For conspicuous gallantry and devotion to duty on 17th October, 1918, at the capture of the high ground E. of La Selle river. His battery occupied a position 1,000 yards in rear of the front line, and suffered many casualties from machine-gun and artillery fire. The battery commander and another officer being both wounded, he took charge, and supervising the removal of the wounded, handled the battery most capably until its task was completed.

==Political career==
Vinton Smith nominated as a candidate for the seat of Oakleigh in the Victorian Legislative Assembly at the 1932 Victorian state election. Although aligned with the United Australia Party, he was not the endorsed UAP candidate, and ran as an independent against the official UAP candidate and the Labor candidate, incumbent member Squire Reid. When the UAP candidate was eliminated, his second preferences gave him a majority over Reid, winning him the seat. Despite having defeated the endorsed candidate, Vinton Smith was immediately admitted to the UAP parliamentary party upon his election. Vinton Smith—this time fully endorsed by the UAP—narrowly defeated Reid again in the 1935 election, but Reid regained the seat in 1937.

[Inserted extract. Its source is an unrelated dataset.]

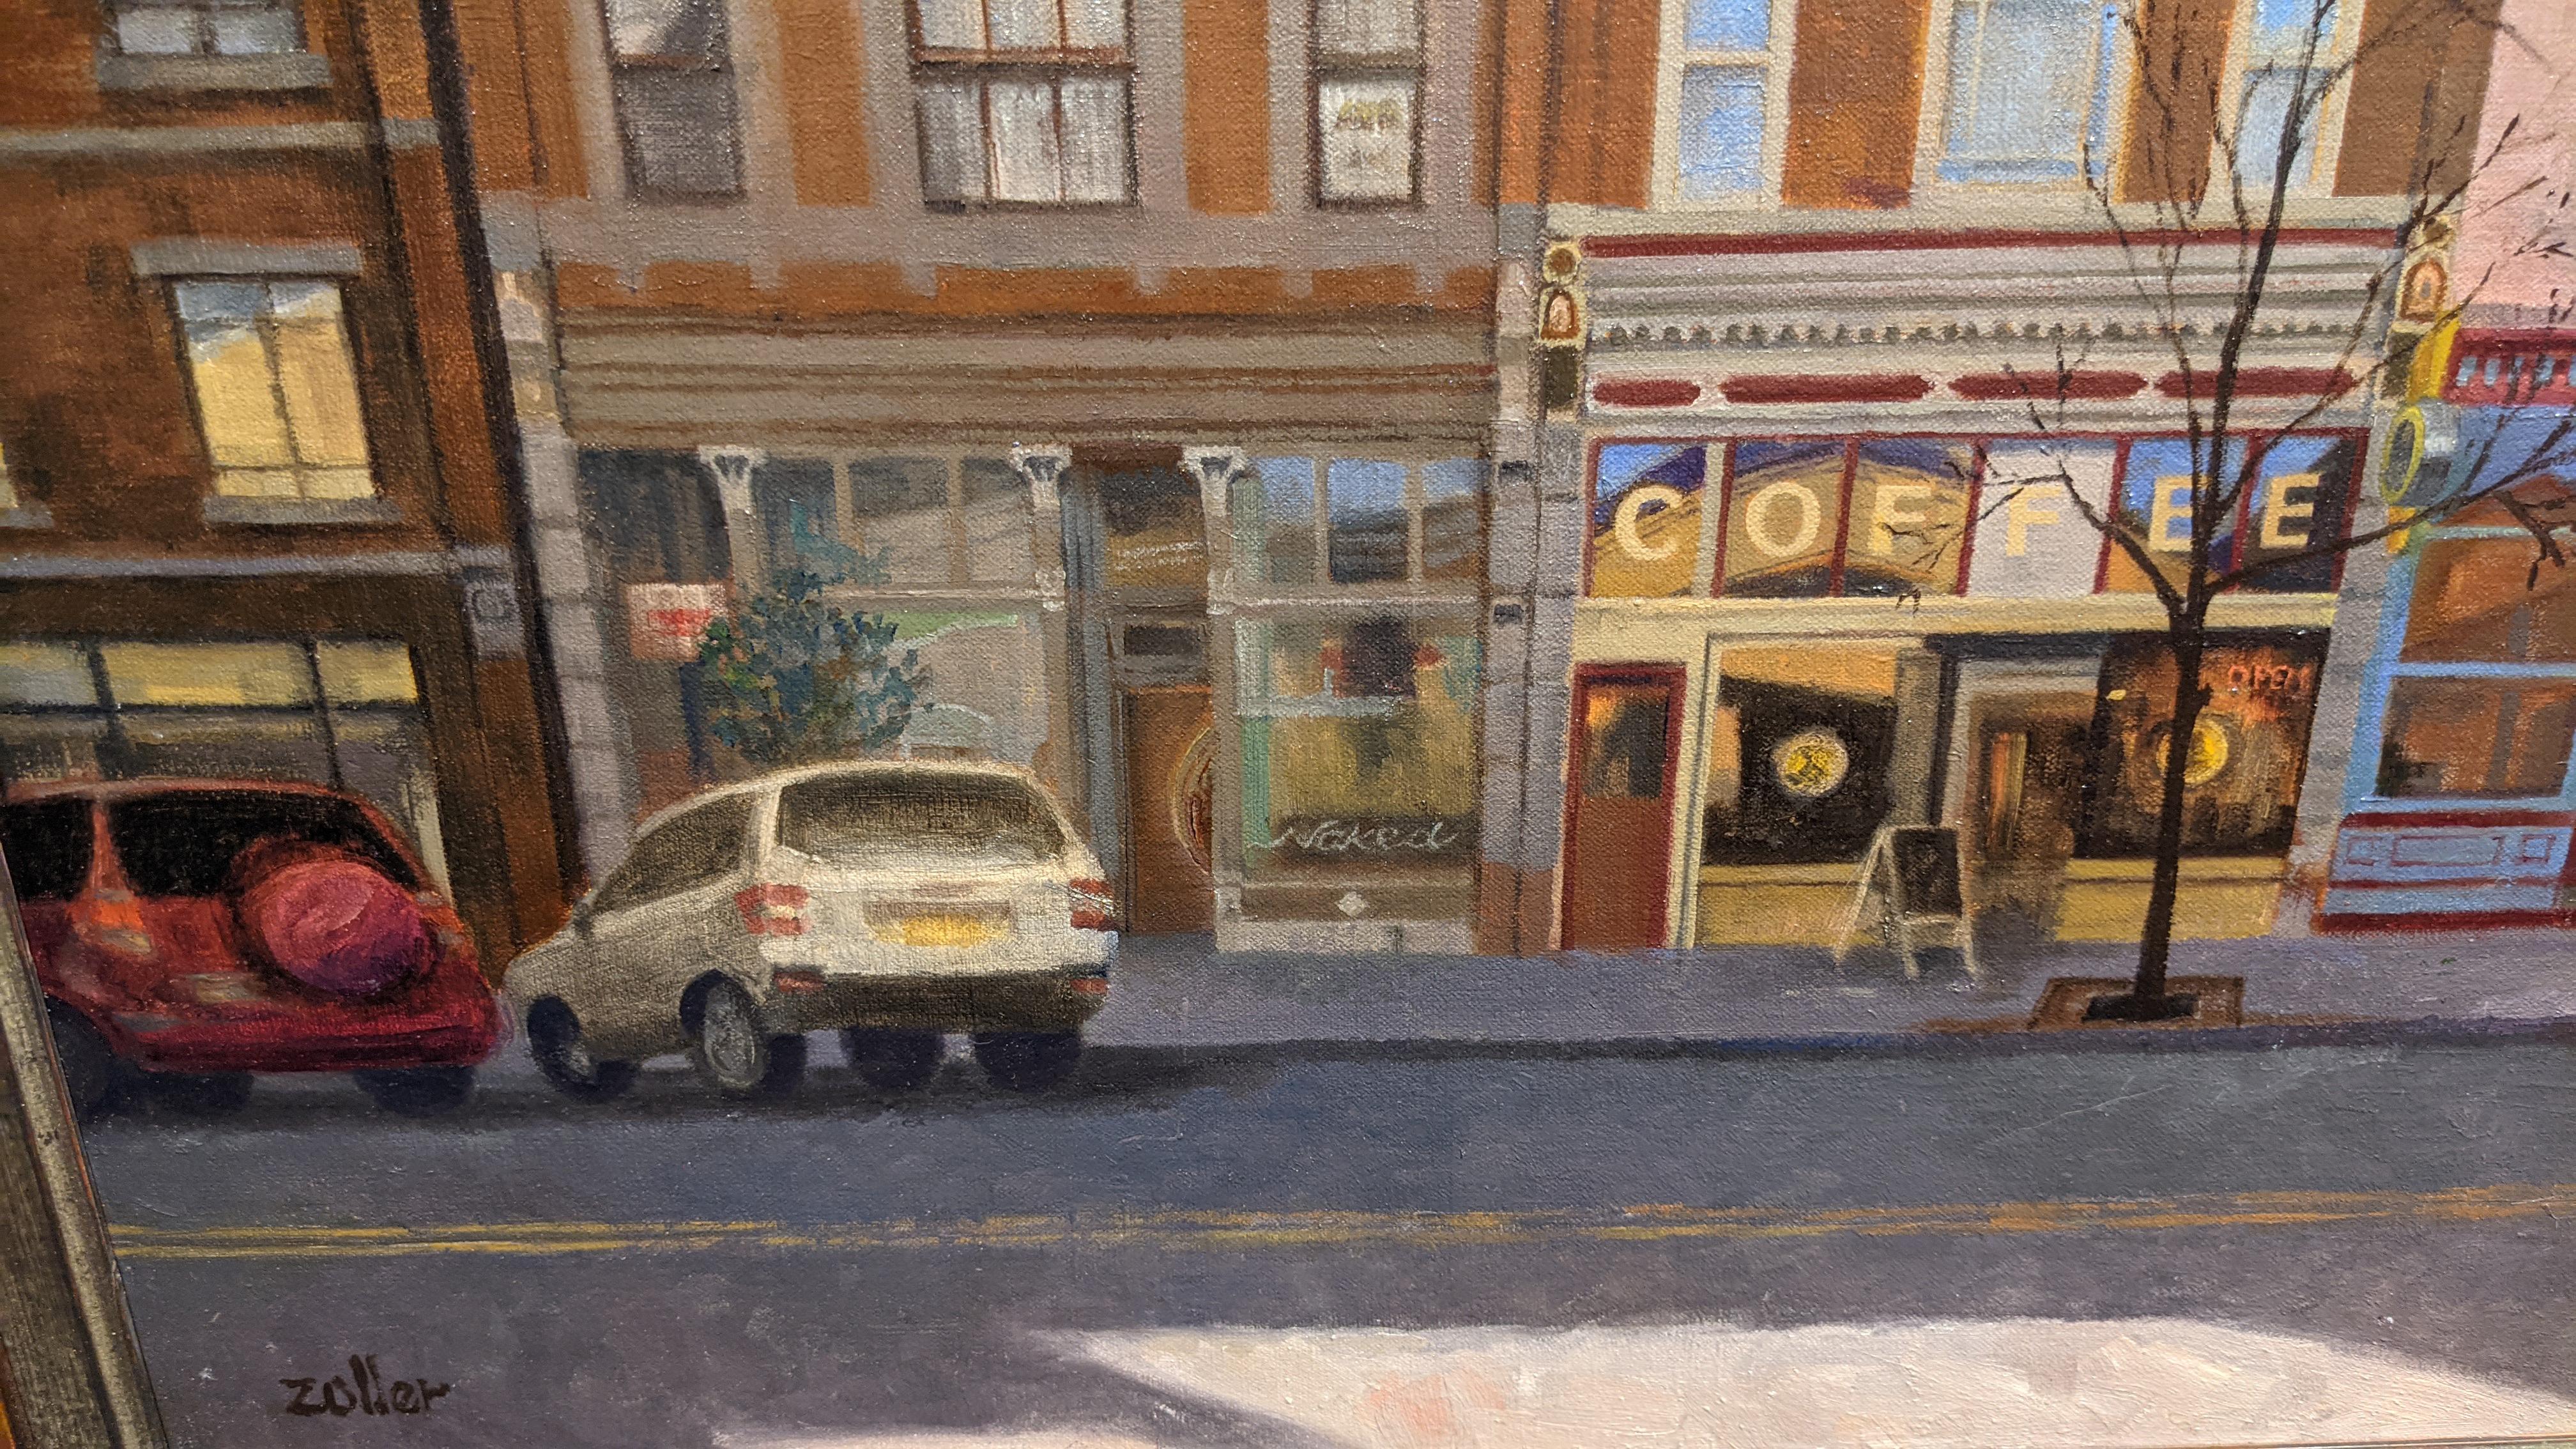 25th Street, by Elise Zoller, 24 x 30 in. oil on panel.

Elise Zoller has recently embarked on a series of plein air paintings of sites around Salt Lake City and in the smaller towns of Utah from Hurricane to Huntsville.  She has enjoyed meeting

Vinton Smith contested the federal by-election for Corio in 1940, but lost to the Labor candidate John Dedman.

==Business career==
After leaving politics, Vinton Smith returned to the financial sector. He founded a stock trading firm, which upon his death was left to two of his business partners, W.R. Dougall and F.J. Dean. The firm became known as Vinton Smith, Dean & Dougall, and later Vinton Smith Dougall, Ltd.

He was also chairman of Edments Holdings Ltd., and company director for F. J. Walker Ltd., Sydney; M. B. John Ltd., valve manufacturers, Ballarat; Silk and Textile Printers Ltd., Hobart; Modern Permanent Building Society Ltd., Carpet Manufacturers Ltd., Sydney; and several other companies.

==Suicide==
On 22 July 1952, Vinton Smith told his wife he was going to the shed at their Malvern East home to chop wood. She decided to check on him when she heard the chopping stop, and found him dead from a gunshot wound, with a 22-calibre rifle underneath his body. The city coroner ruled a verdict of suicide, noting that Vinton Smith had been suffering from a serious heart complaint and was "a candidate for a very early death" who appeared to have "shot himself on a sudden impulse".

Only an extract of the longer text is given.